● Exercise
The listing is to be printed word for word, pictures omitted.

● Dataset excerpt

<<<<

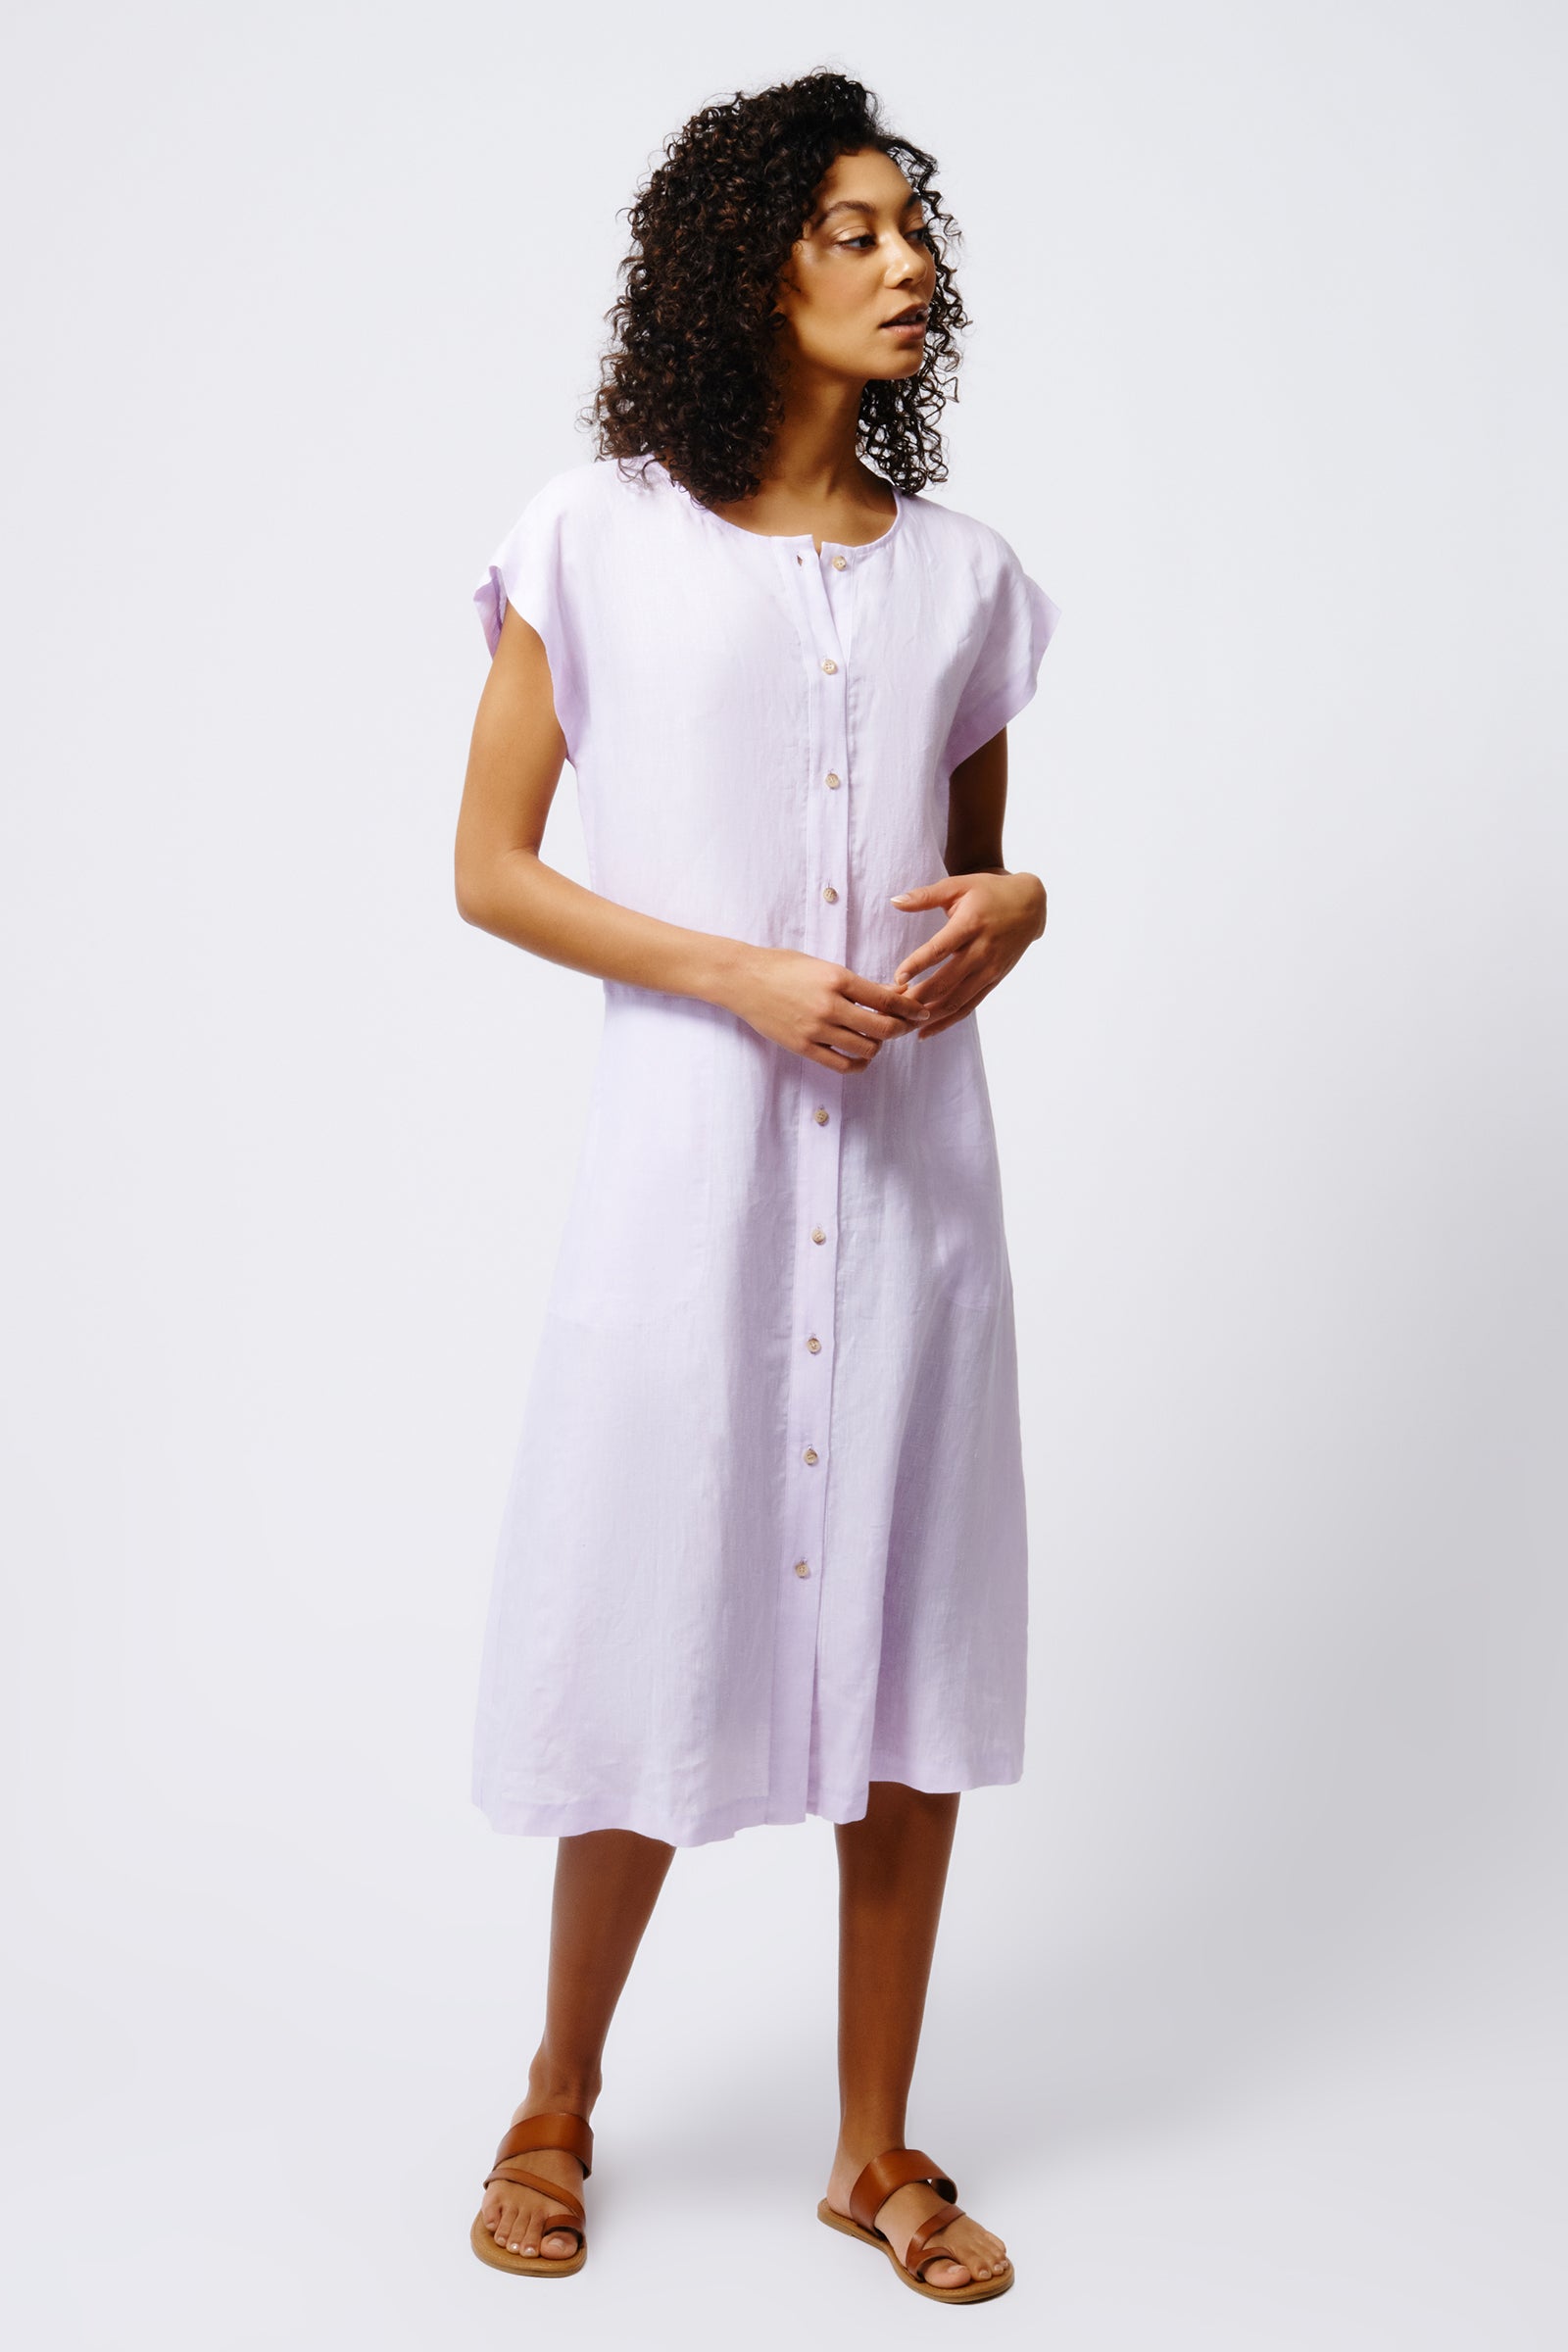 Kal Rieman Harlow Cap Sleeve Dress in Lavender Linen on Model Front View Full 2
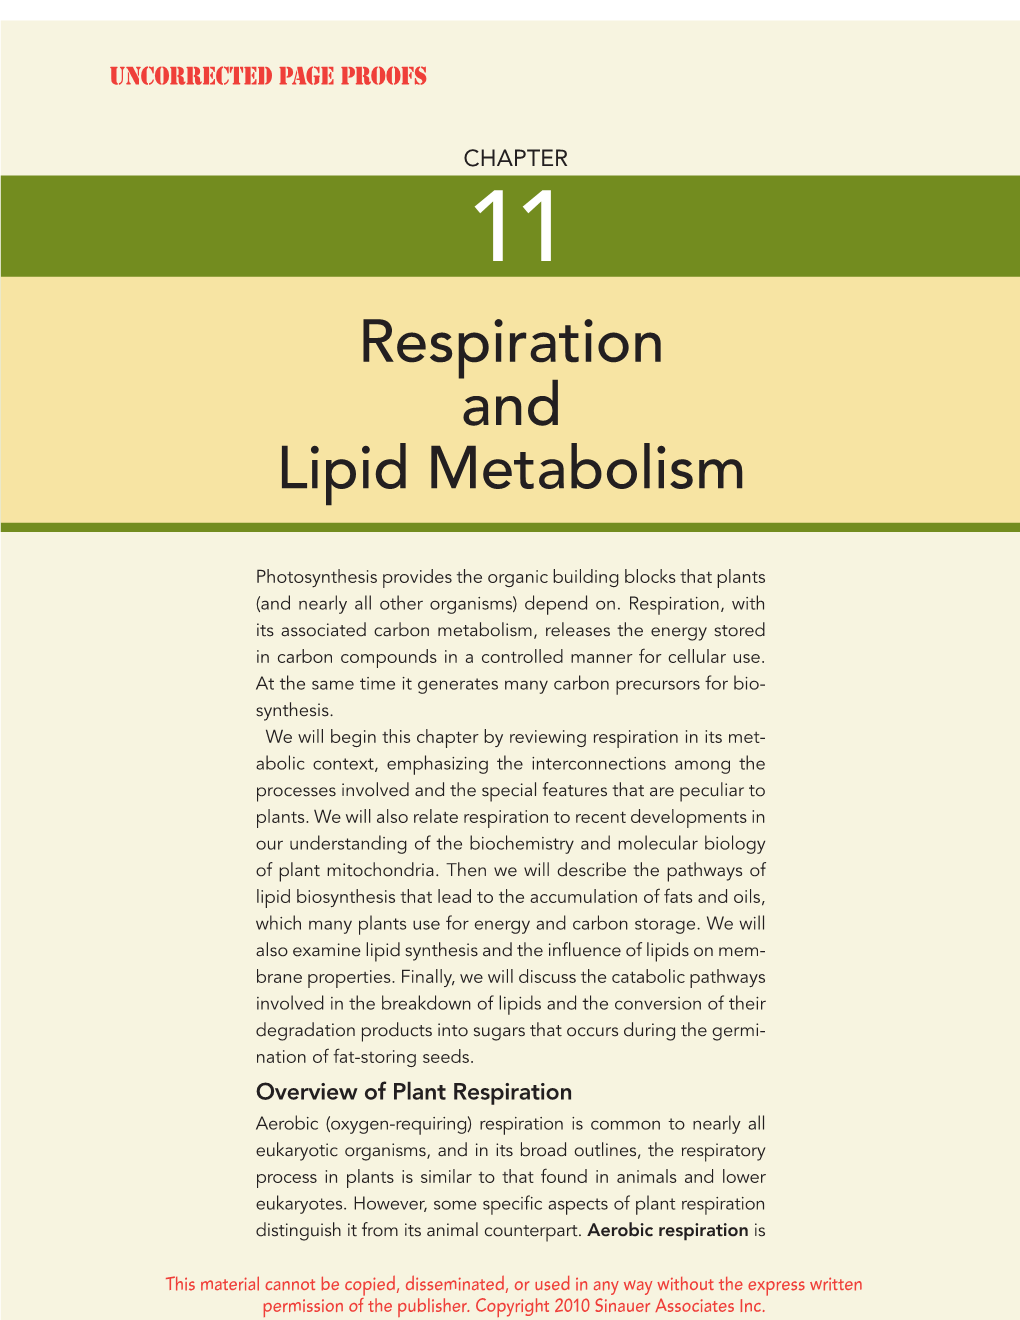 Respiration and Lipid Metabolism
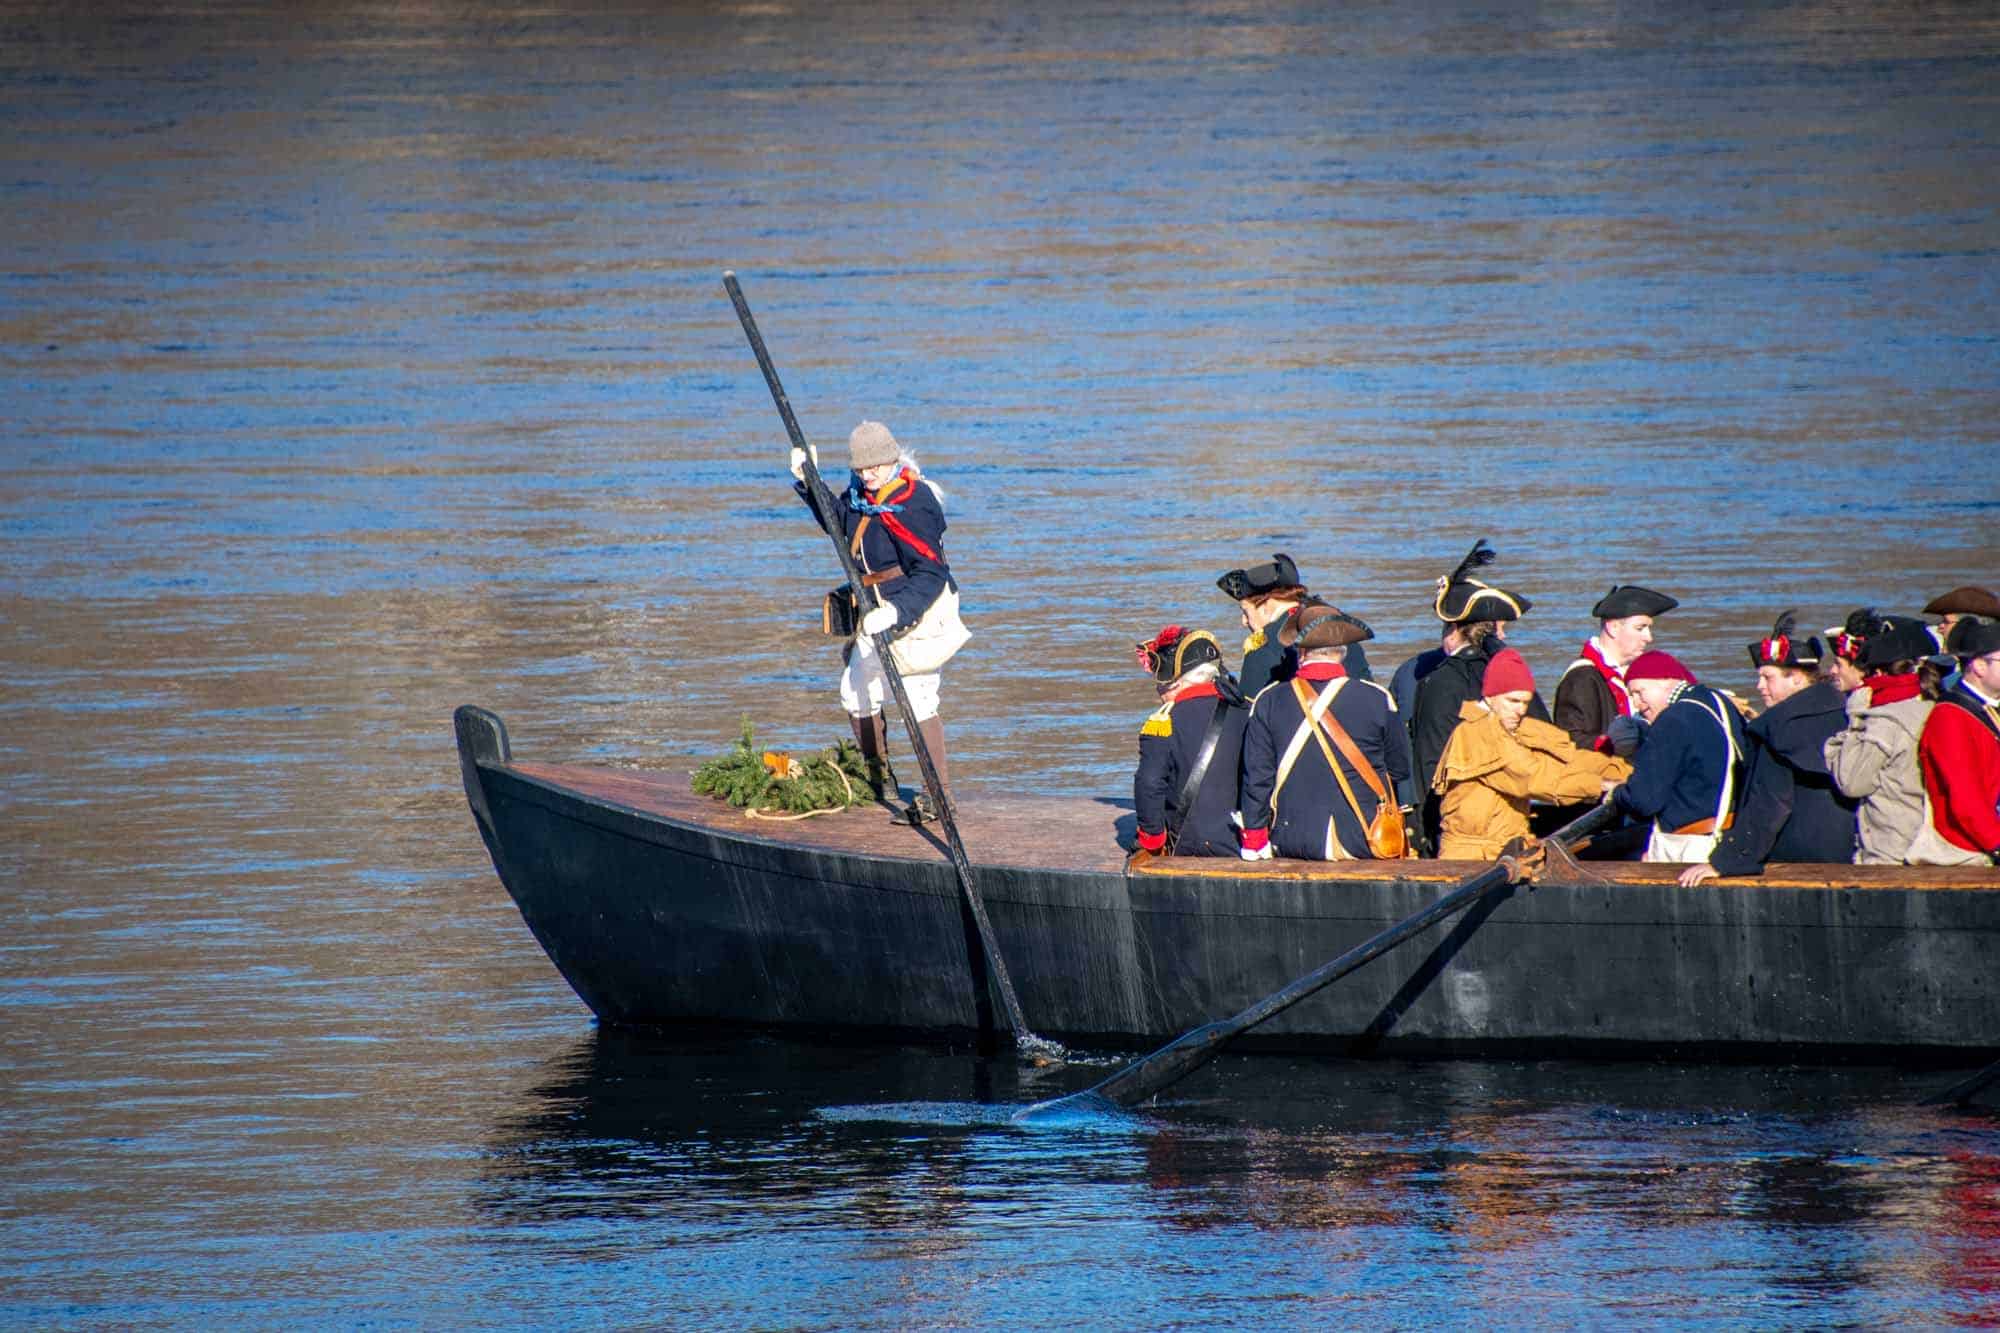 Reenators in Revolutionary-era dress row boats across the Delaware River.

>>>>

● Solution for this problem
 Kal Rieman Harlow Cap Sleeve Dress in Lavender Linen on Model Front View Full 2
 Respiration and Lipid Metabolism
 Reenators in Revolutionary-era dress row boats across the Delaware River.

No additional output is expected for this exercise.